▸ **WHAT IS EXPECTED**
Beginning with the line that contains "Property-Liability Insurance" and ending with the line that contains "Versace Light Blue", reproduce the lines of the entries below exactly, omitting pictures.

▸ **EXERCISE DATA**
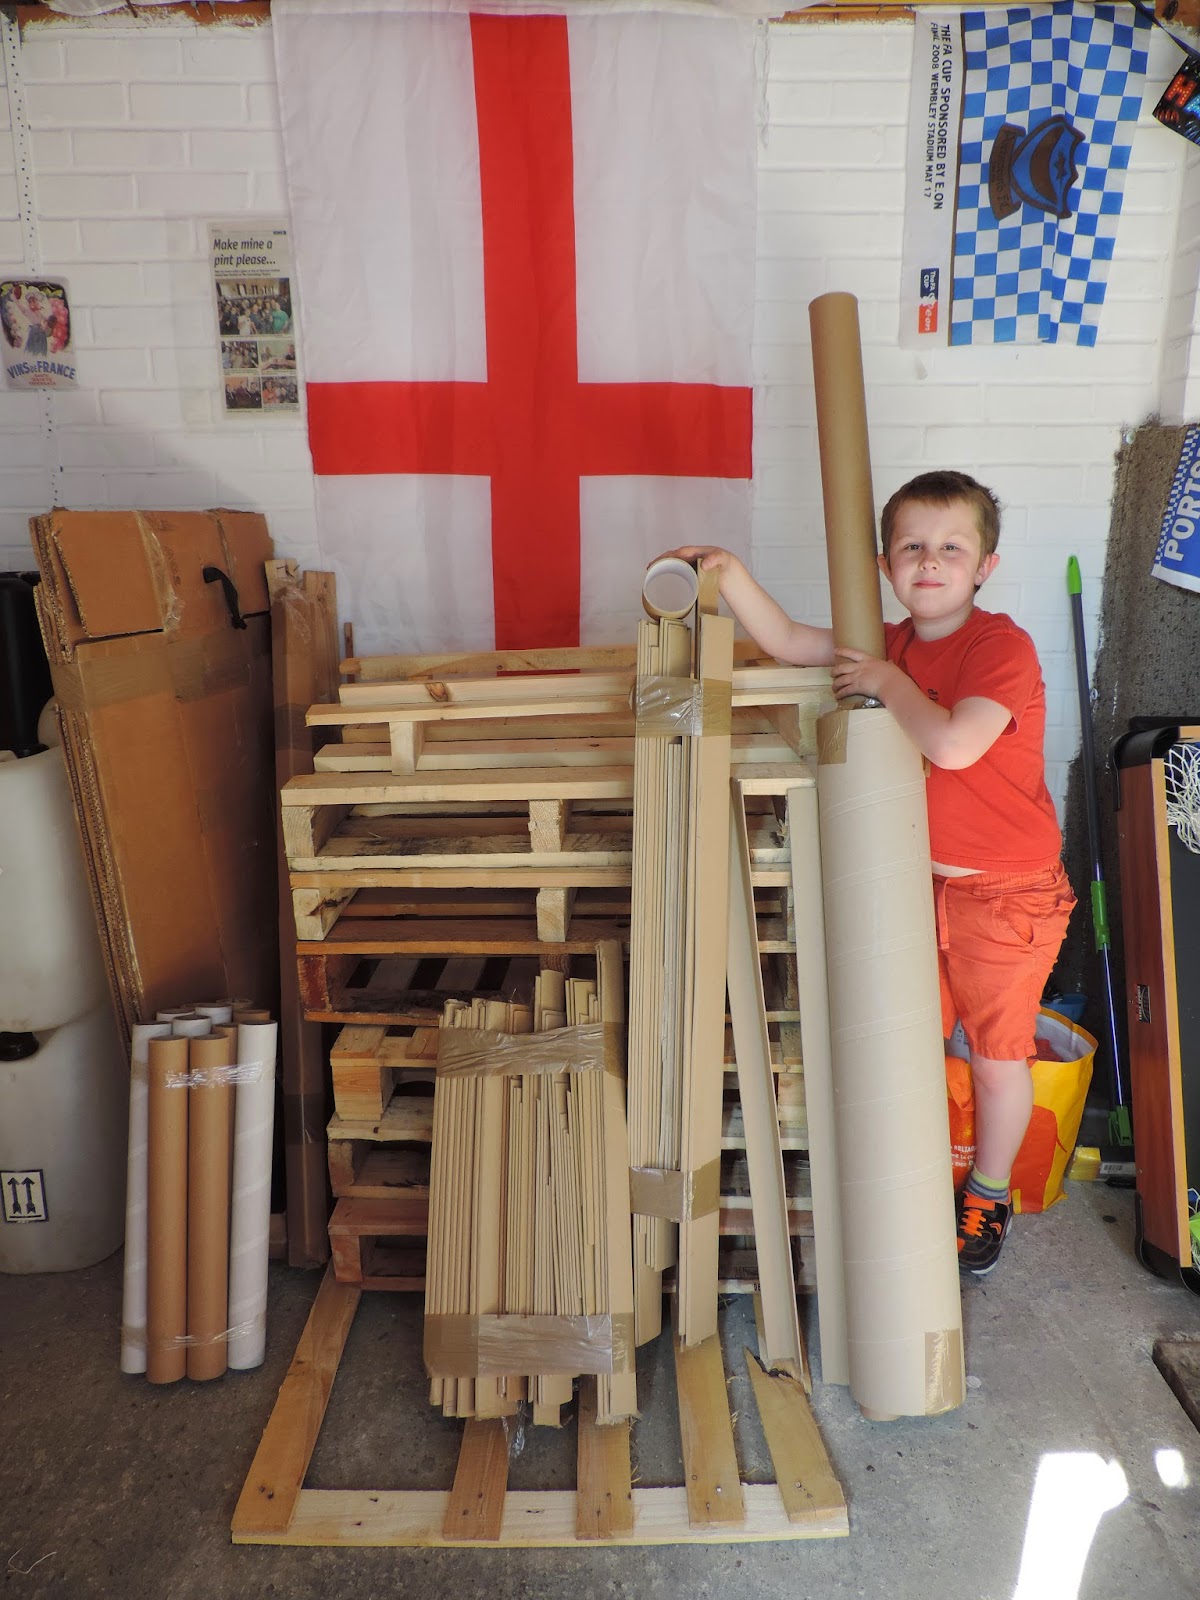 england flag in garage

---

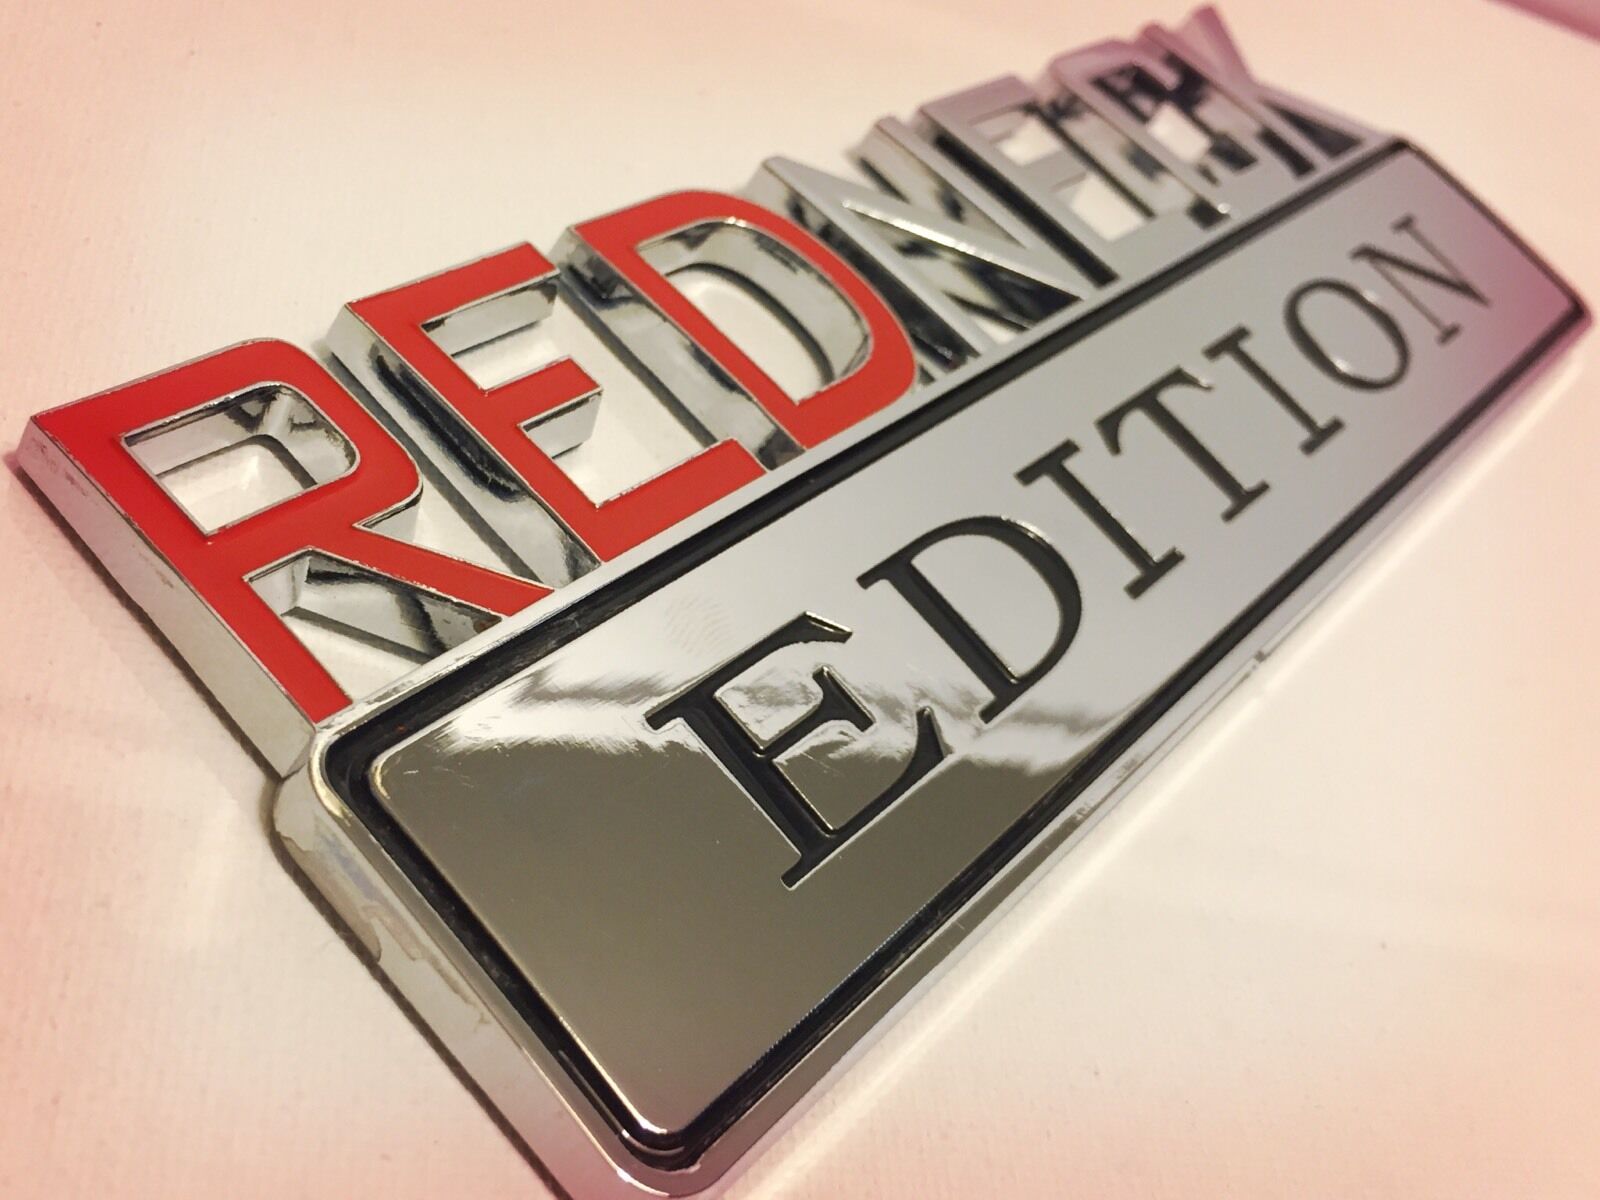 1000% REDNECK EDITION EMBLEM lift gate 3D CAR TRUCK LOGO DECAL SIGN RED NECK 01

--

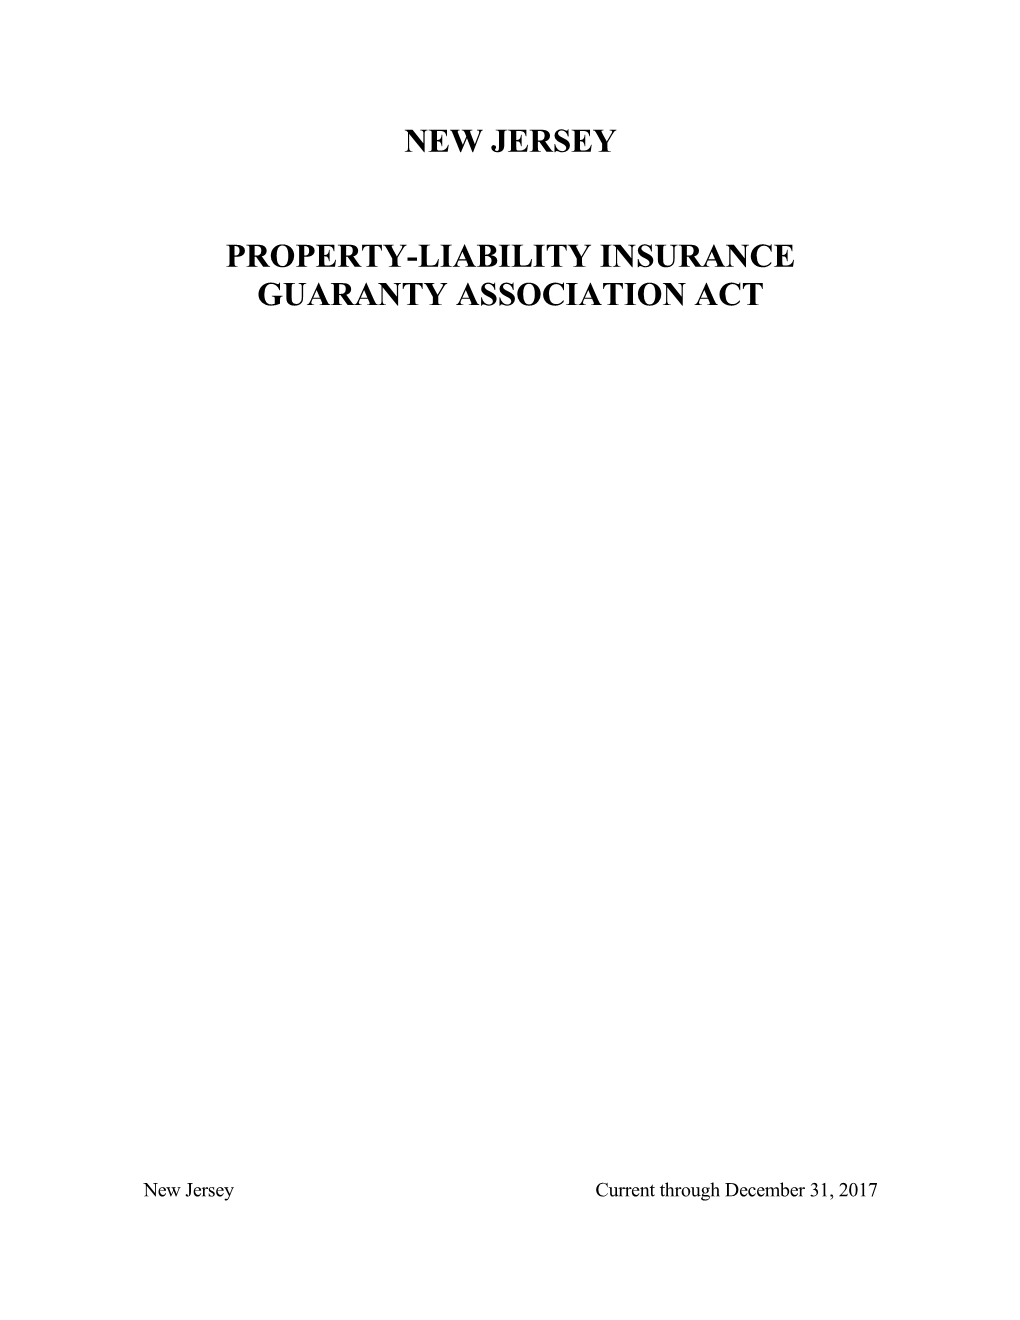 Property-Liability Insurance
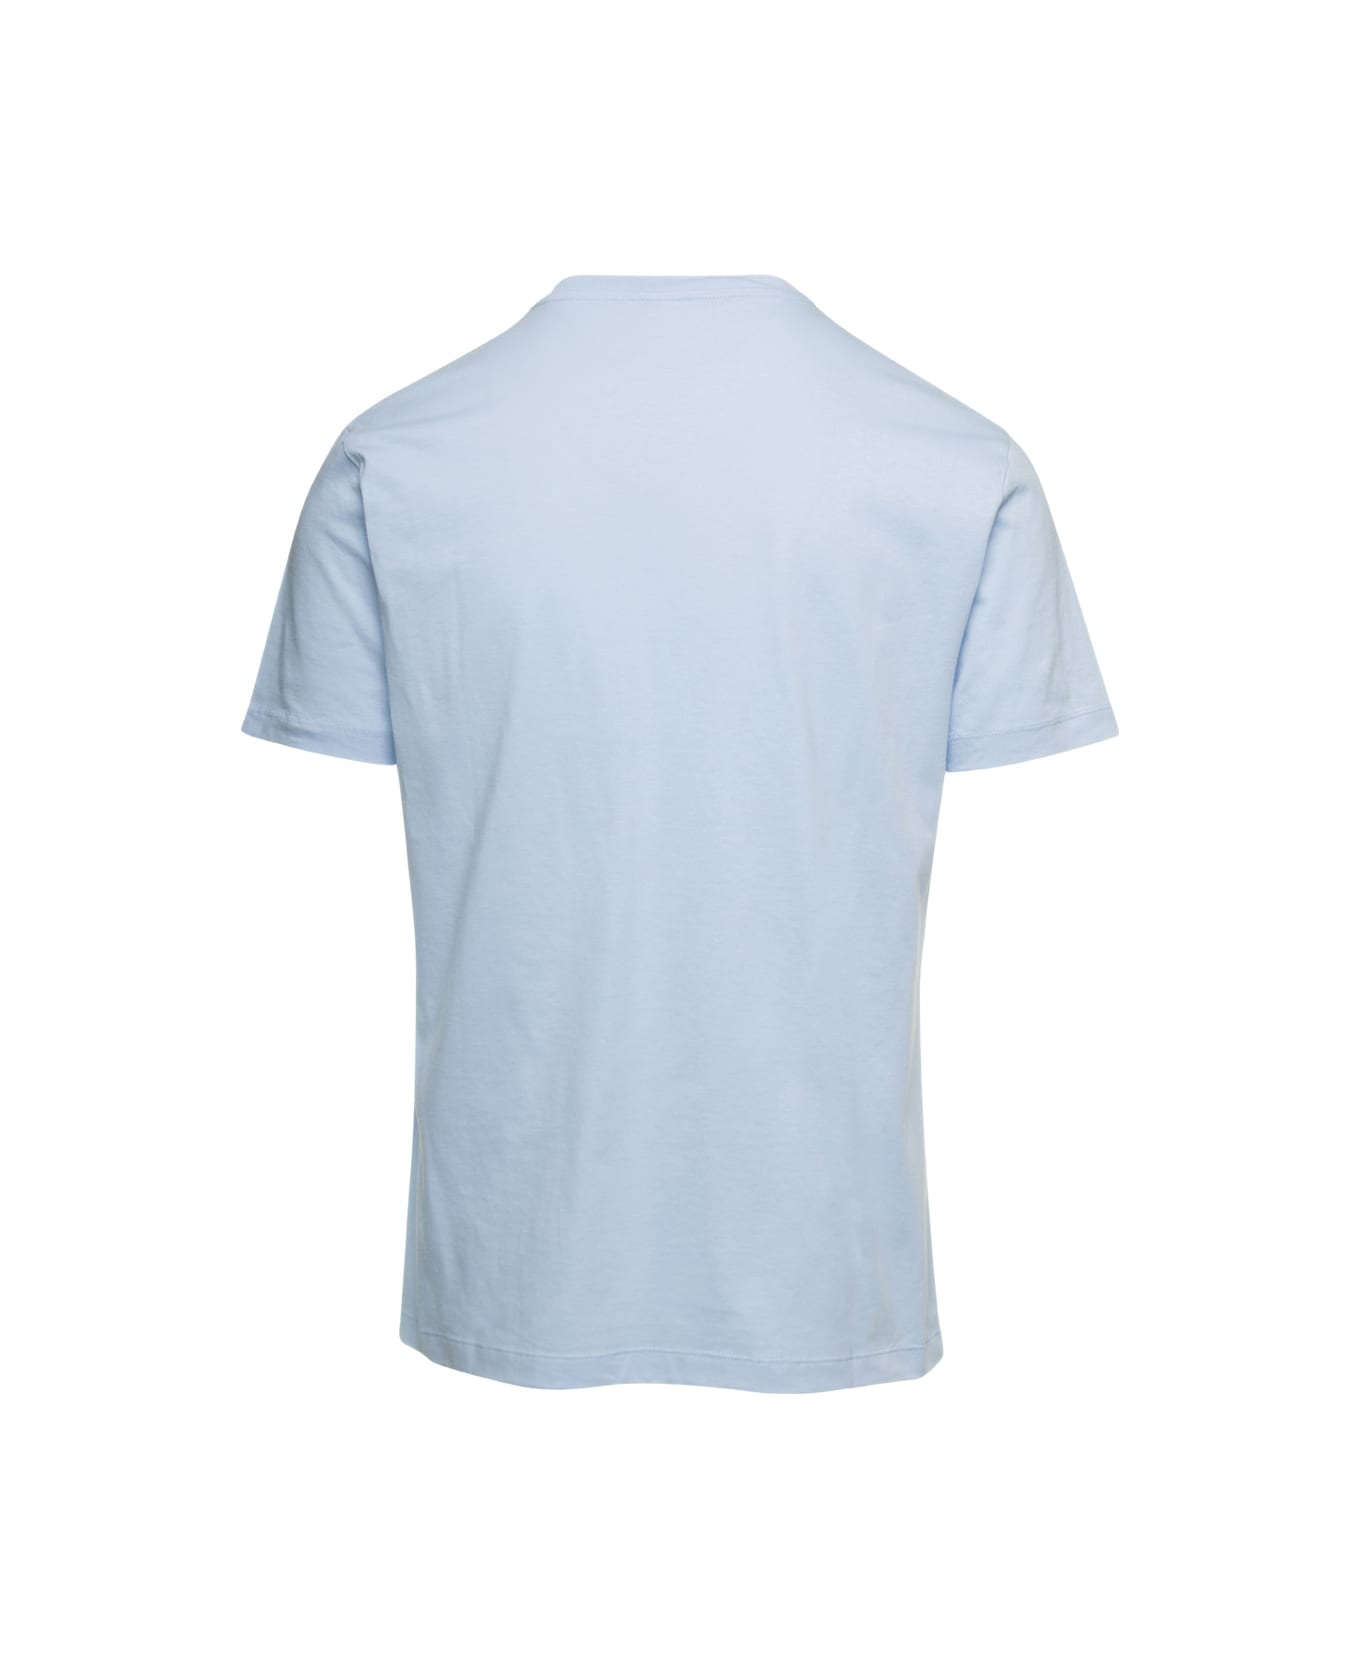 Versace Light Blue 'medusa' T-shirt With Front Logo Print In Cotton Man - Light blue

▸ **EXPECTED ANSWER**
 Property-Liability Insurance
 Versace Light Blue 'medusa' T-shirt With Front Logo Print In Cotton Man - Light blue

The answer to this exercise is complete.